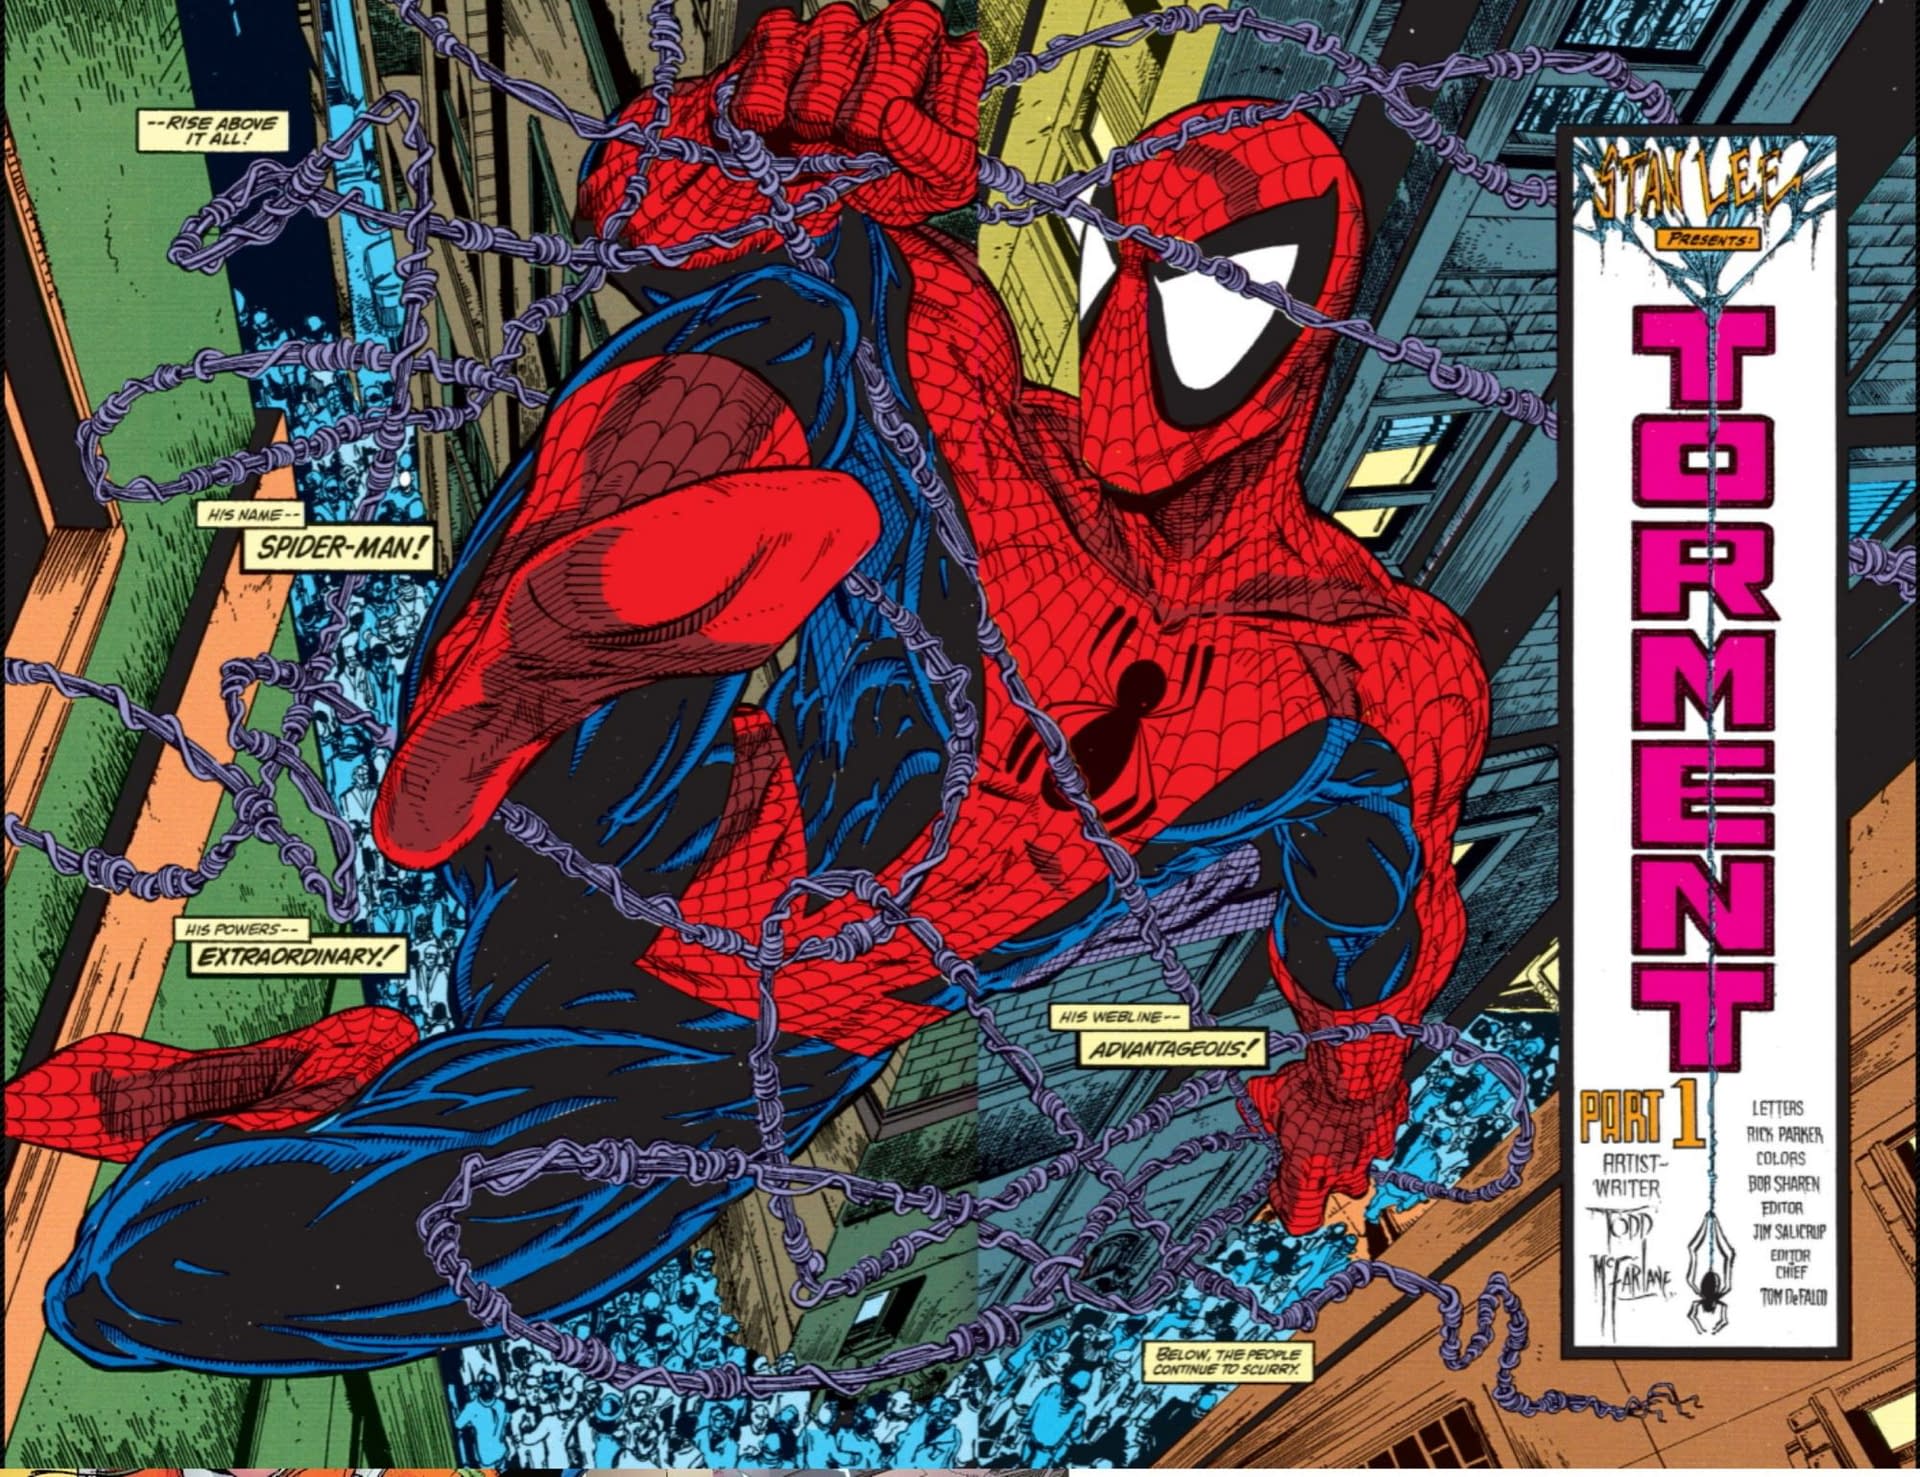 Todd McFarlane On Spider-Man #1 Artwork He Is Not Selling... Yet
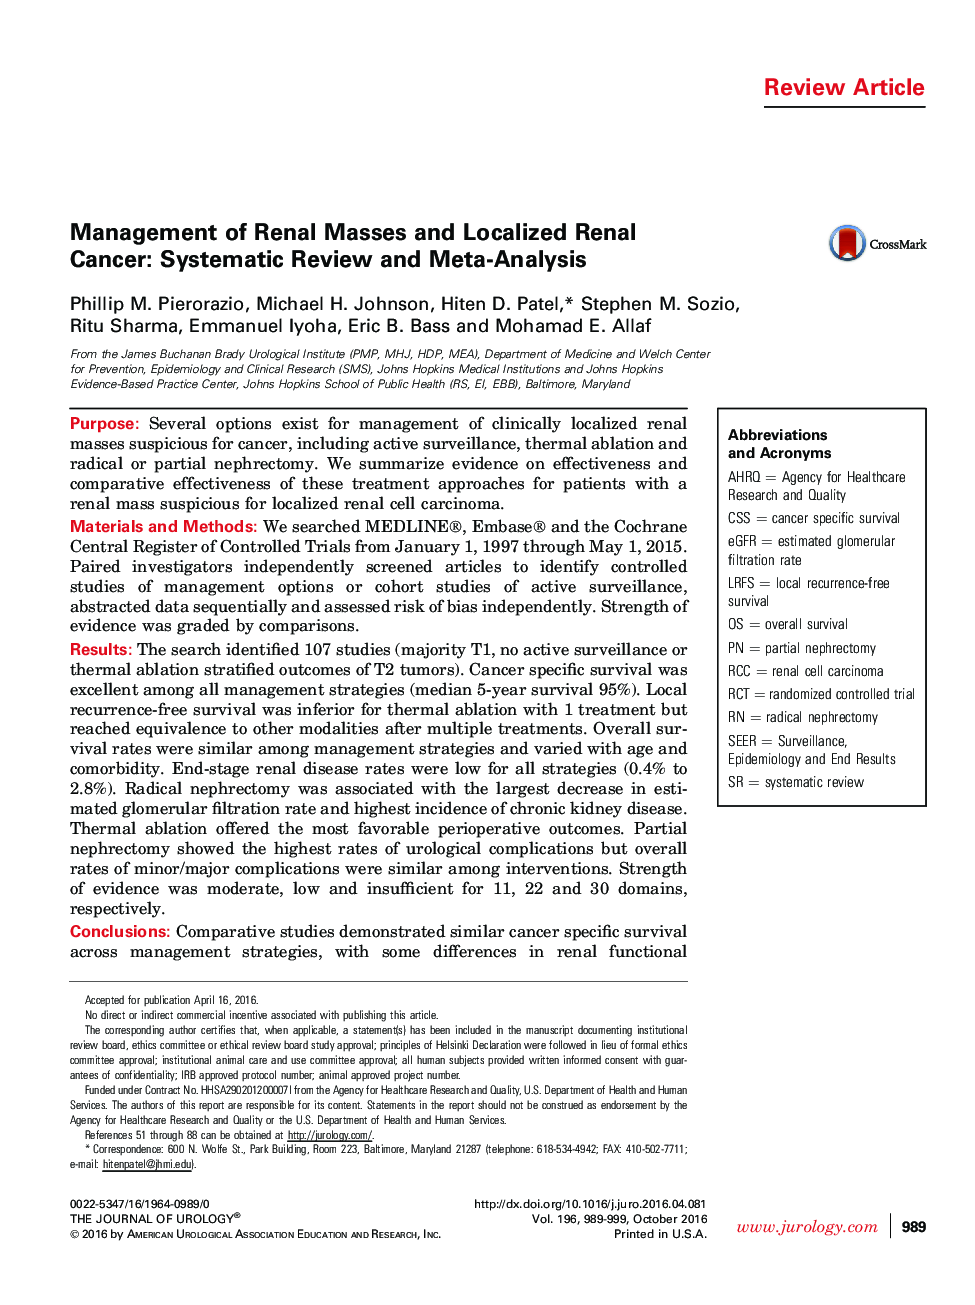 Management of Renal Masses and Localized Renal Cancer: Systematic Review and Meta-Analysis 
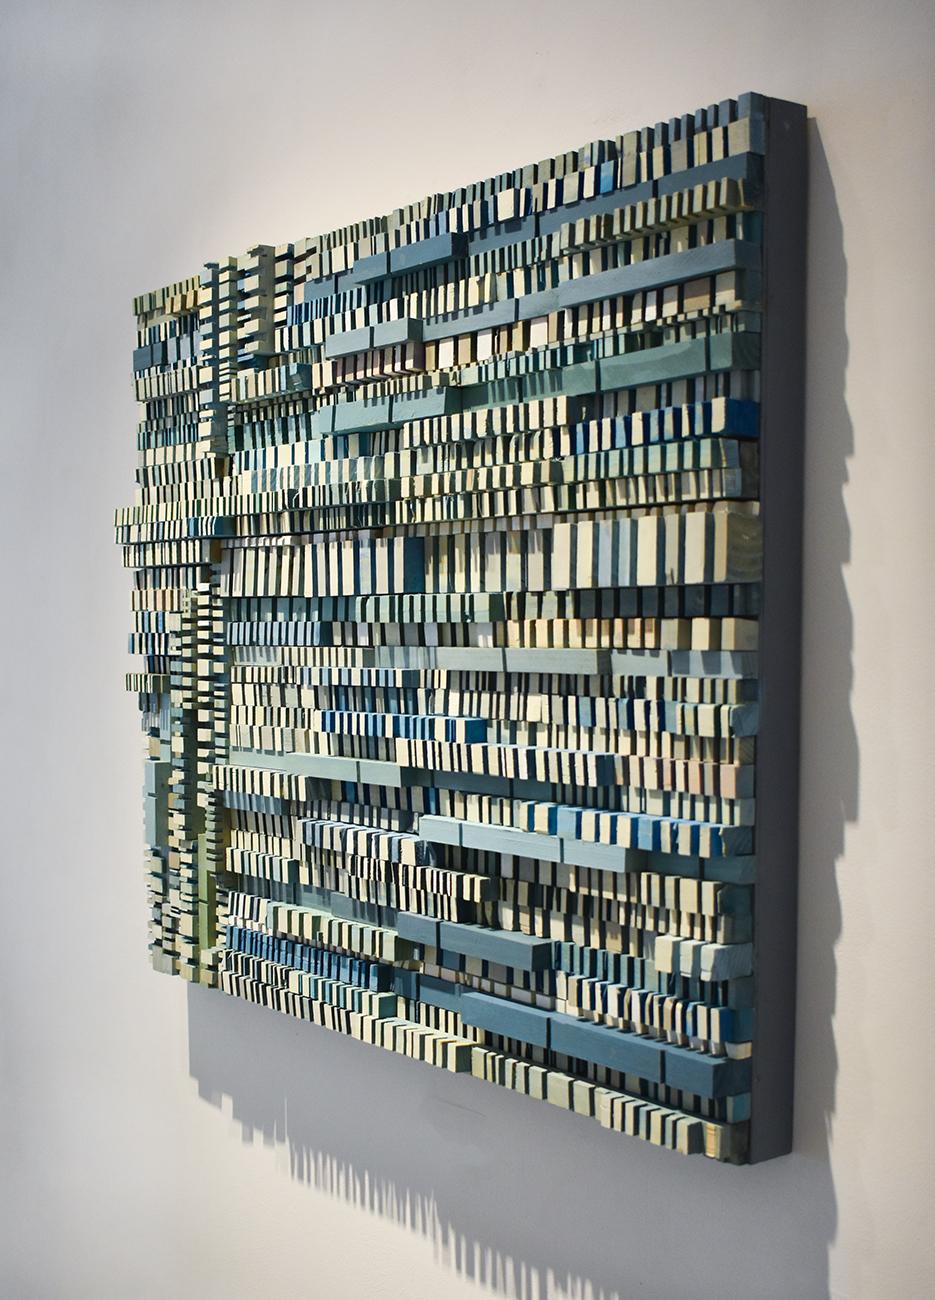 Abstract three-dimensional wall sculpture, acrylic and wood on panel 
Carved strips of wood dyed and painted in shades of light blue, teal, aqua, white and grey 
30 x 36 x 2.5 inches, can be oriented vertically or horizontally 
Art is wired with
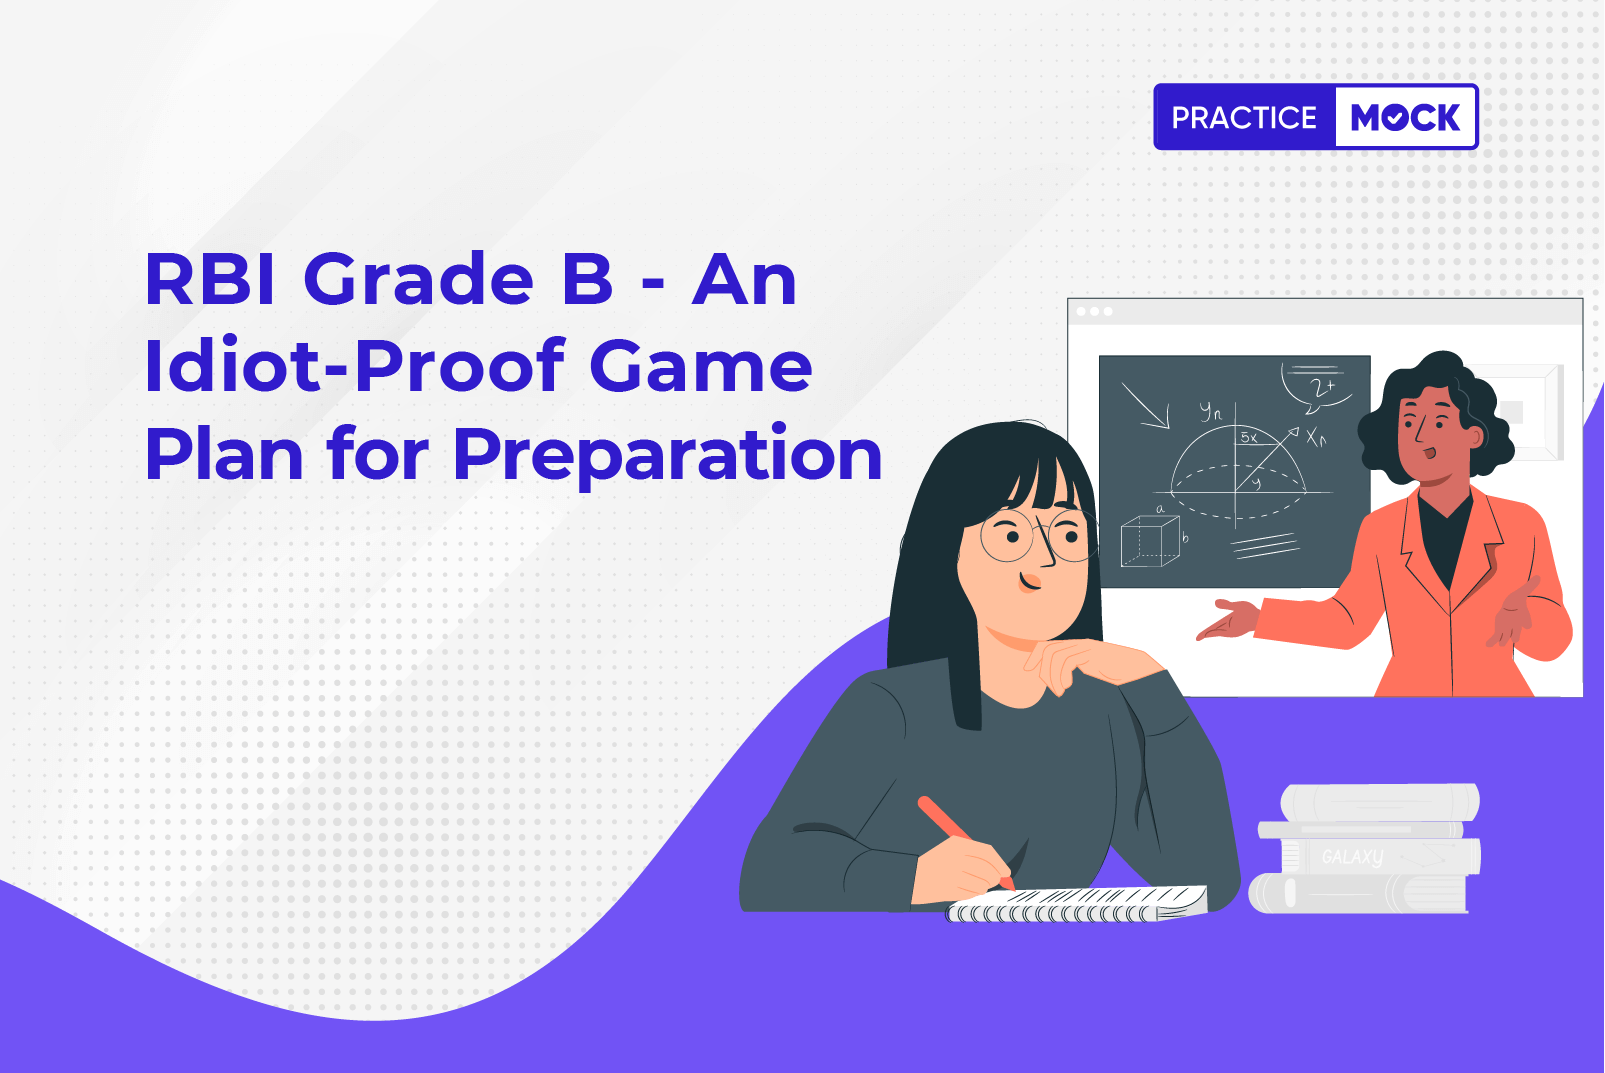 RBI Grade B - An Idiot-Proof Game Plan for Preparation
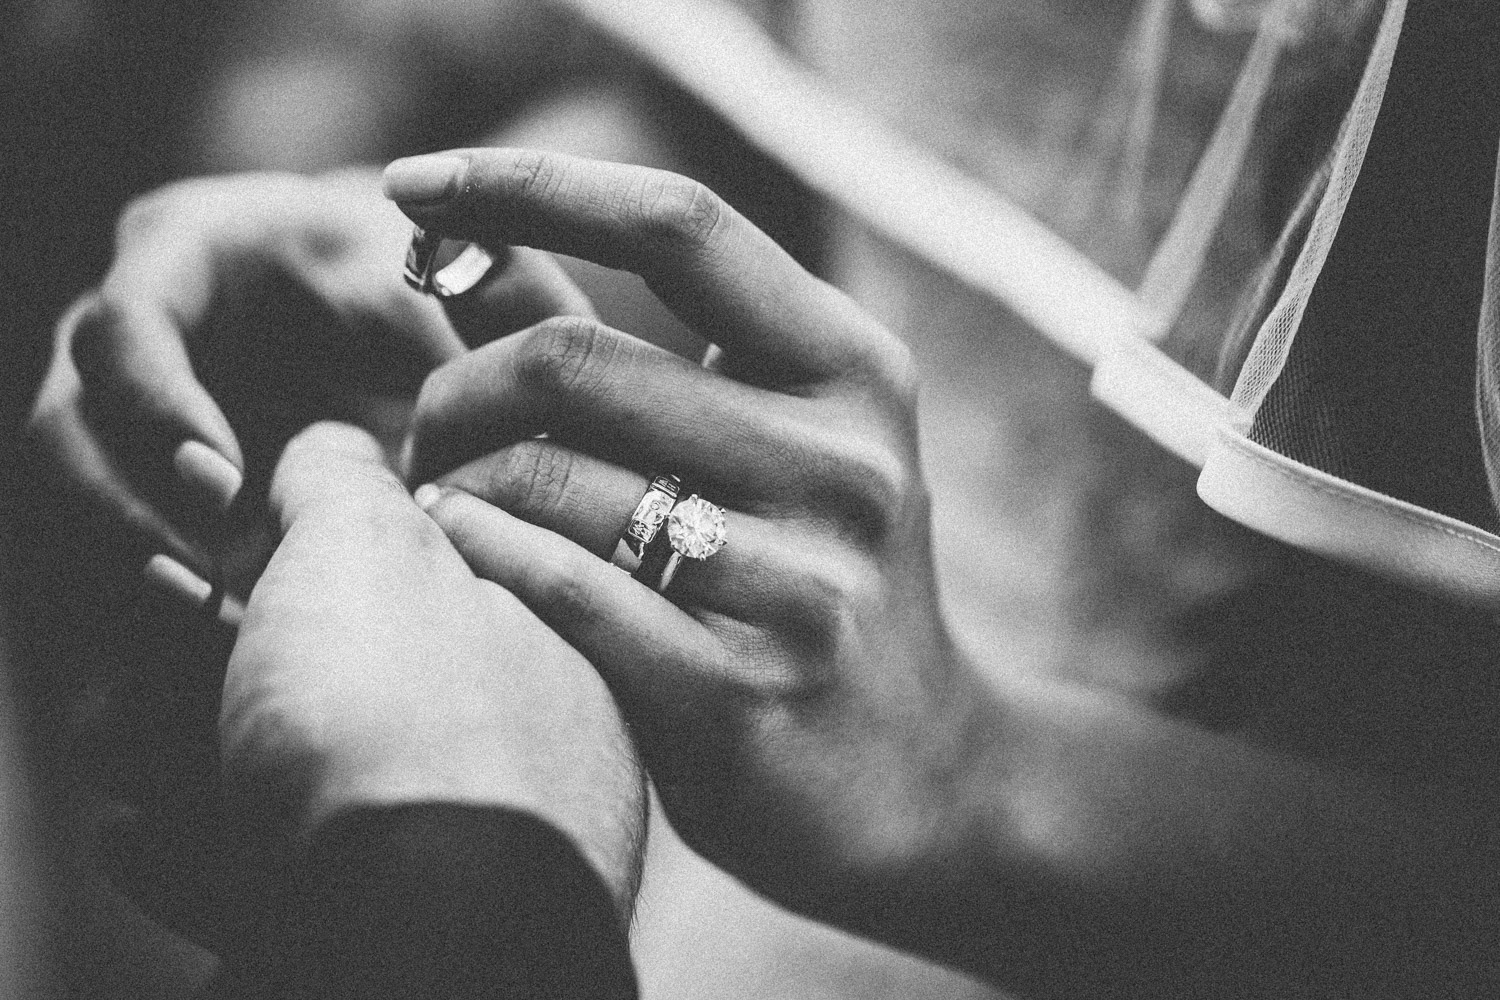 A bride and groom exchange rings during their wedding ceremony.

- - - -

* What you are asked to do:
Skip the pictures. Write out exactly the lines from the one with "Management of Renal" through the last line of the listing, both ends included, and nothing more.

* Task solution:
 Management of Renal Masses and Localized Renal Cancer: Systematic Review and Meta-Analysis 
 Abstract three-dimensional wall sculpture, acrylic and wood on panel 
Carved strips of wood dyed and painted in shades of light blue, teal, aqua, white and grey 
30 x 36 x 2.5 inches, can be oriented vertically or horizontally 
Art is wired with
 RBI Grade B - An Idiot-Proof Game Plan for Preparation
 A bride and groom exchange rings during their wedding ceremony.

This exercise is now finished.